PROBLEM REQUIREMENTS = Give back, unaltered, the lines from the one with "A Group Of Bats Flying In The Sky" to the end of the material, omitting pictures.
(Beginning of DATA SECTION)
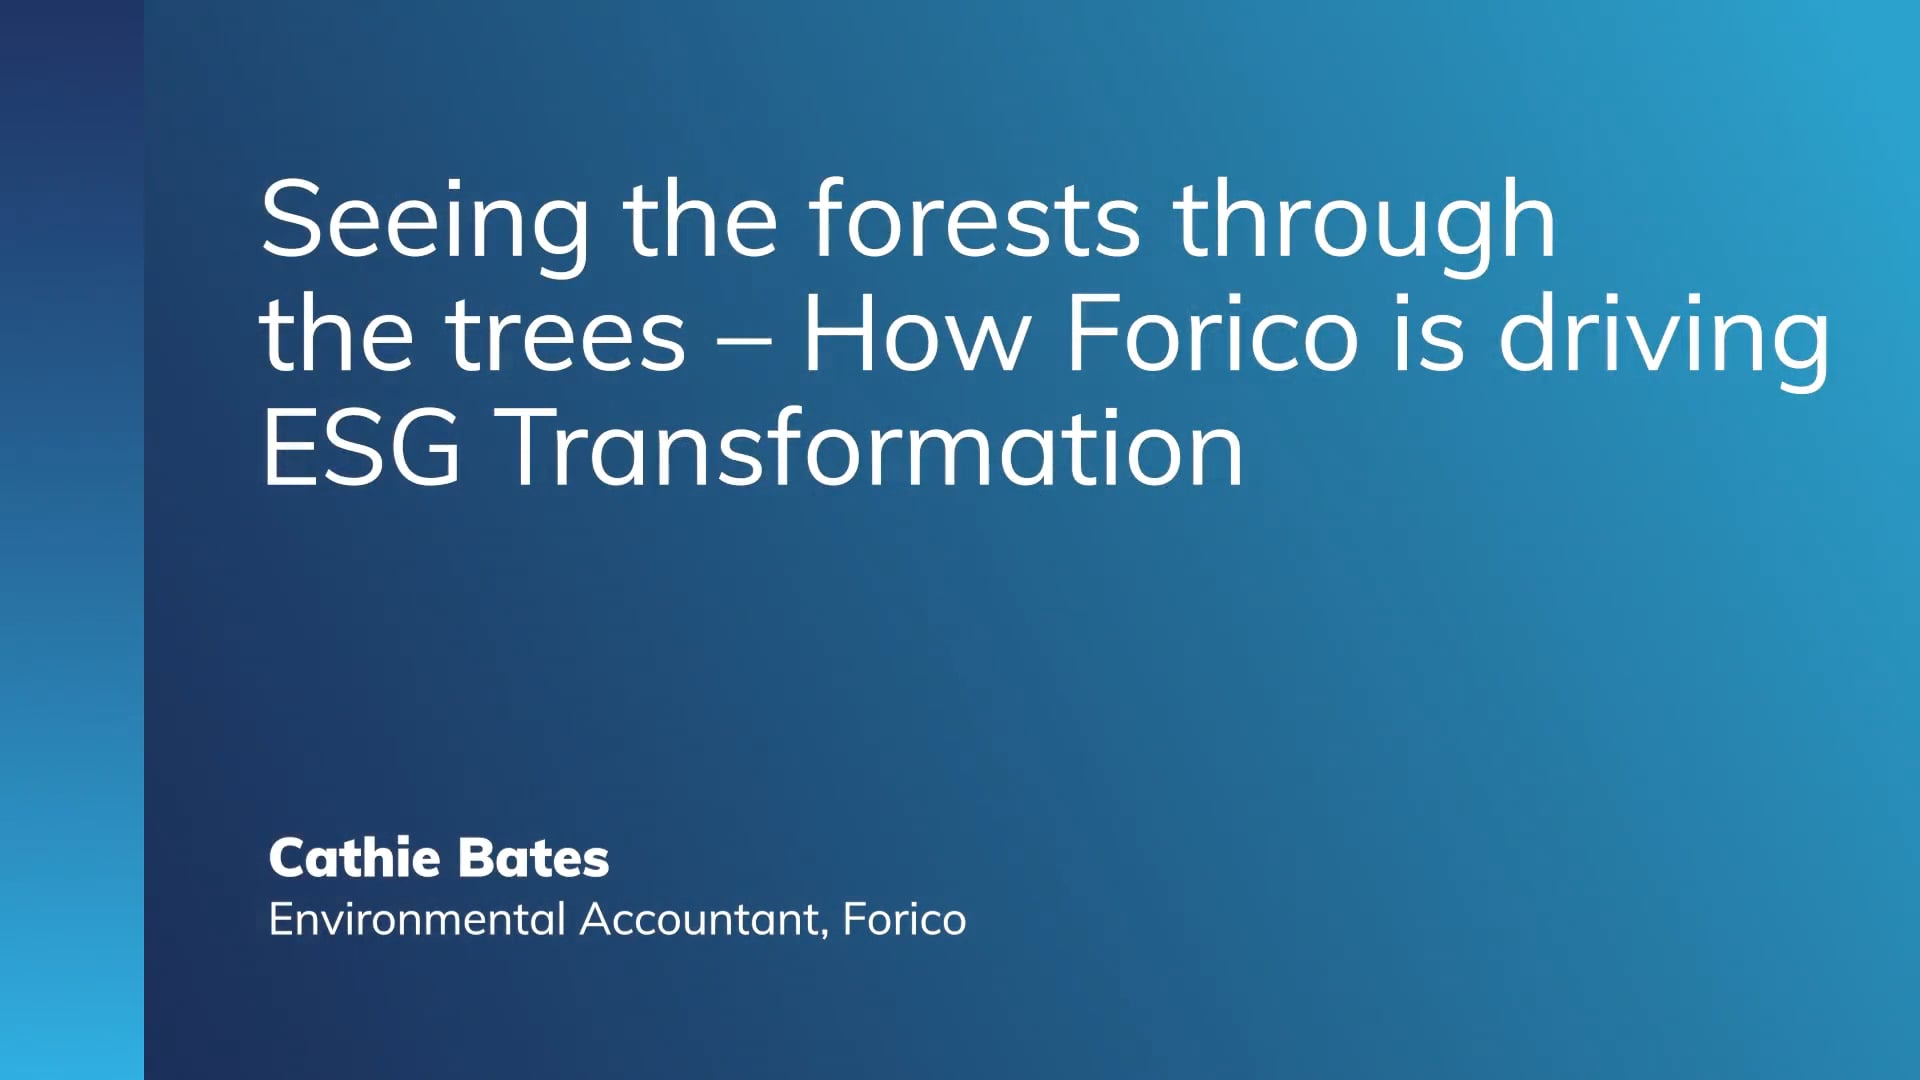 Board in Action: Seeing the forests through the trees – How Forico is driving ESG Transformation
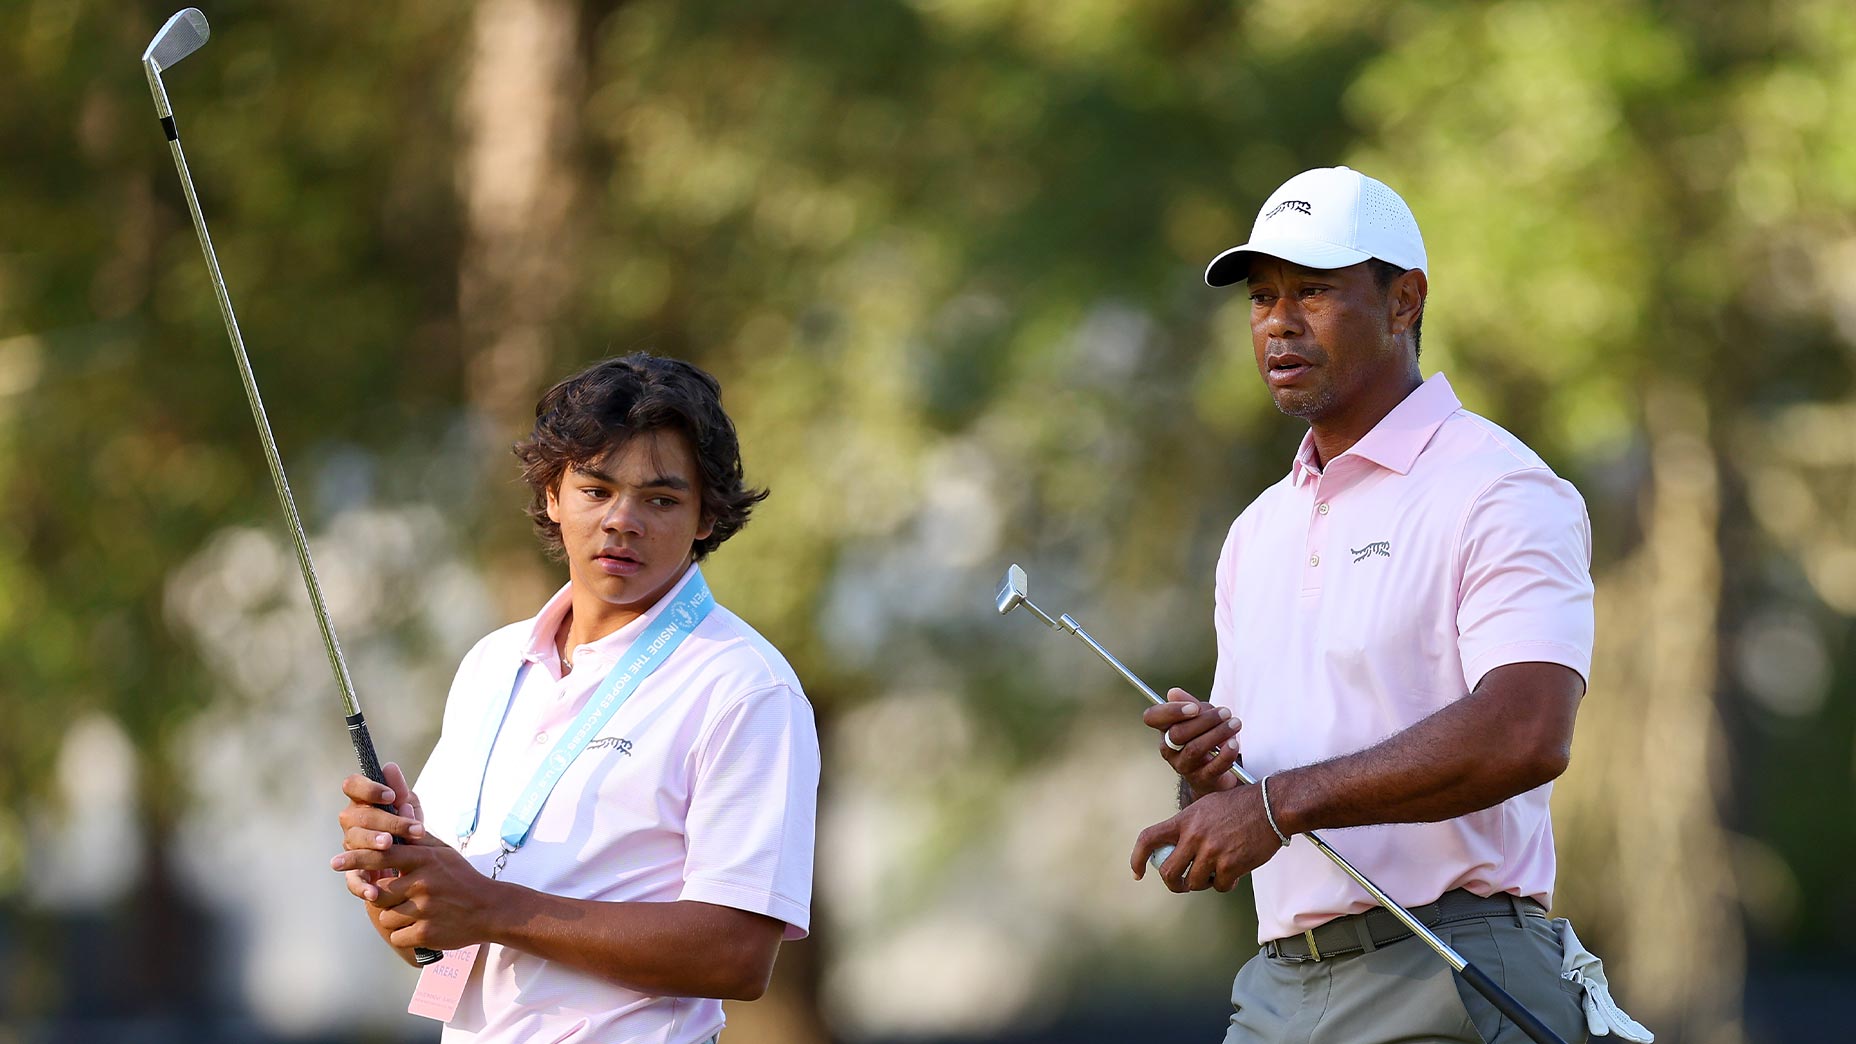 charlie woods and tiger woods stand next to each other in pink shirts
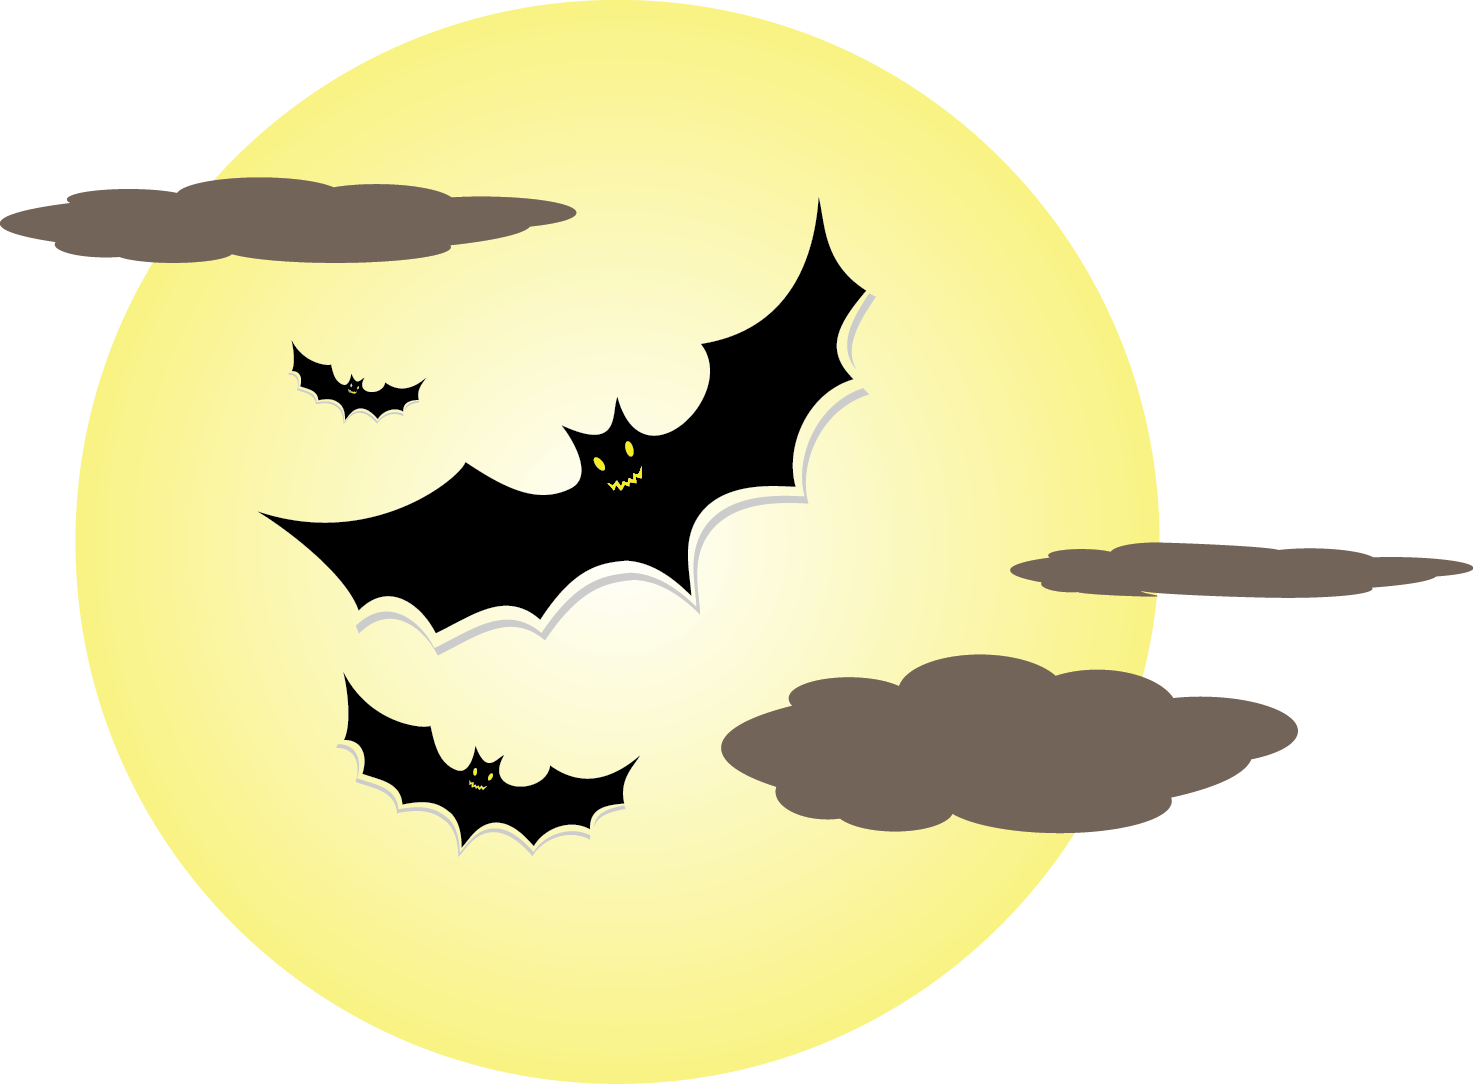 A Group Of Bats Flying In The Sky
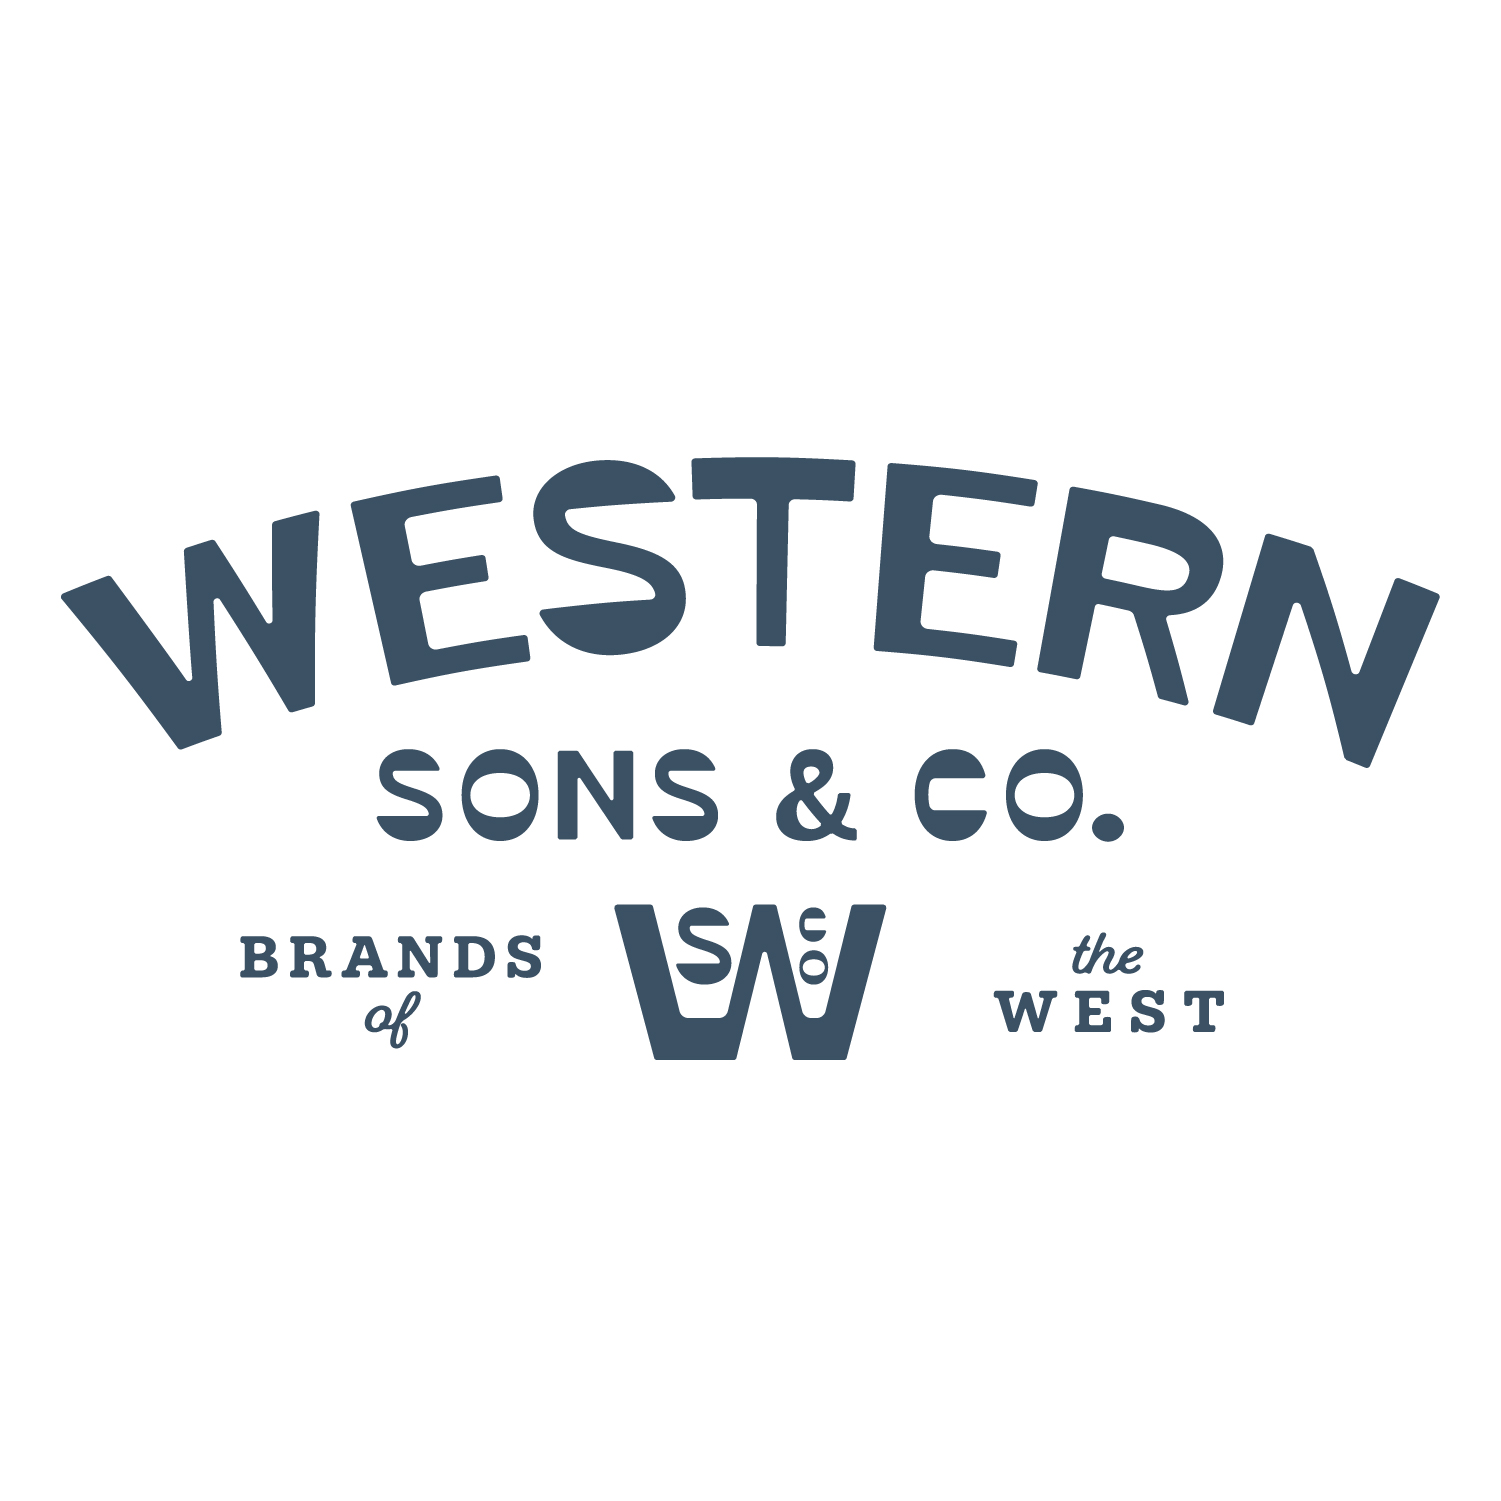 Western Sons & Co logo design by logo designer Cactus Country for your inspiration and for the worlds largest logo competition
(End of DATA SECTION)
EXPECTED ANSWER =
 A Group Of Bats Flying In The Sky
 Western Sons & Co logo design by logo designer Cactus Country for your inspiration and for the worlds largest logo competition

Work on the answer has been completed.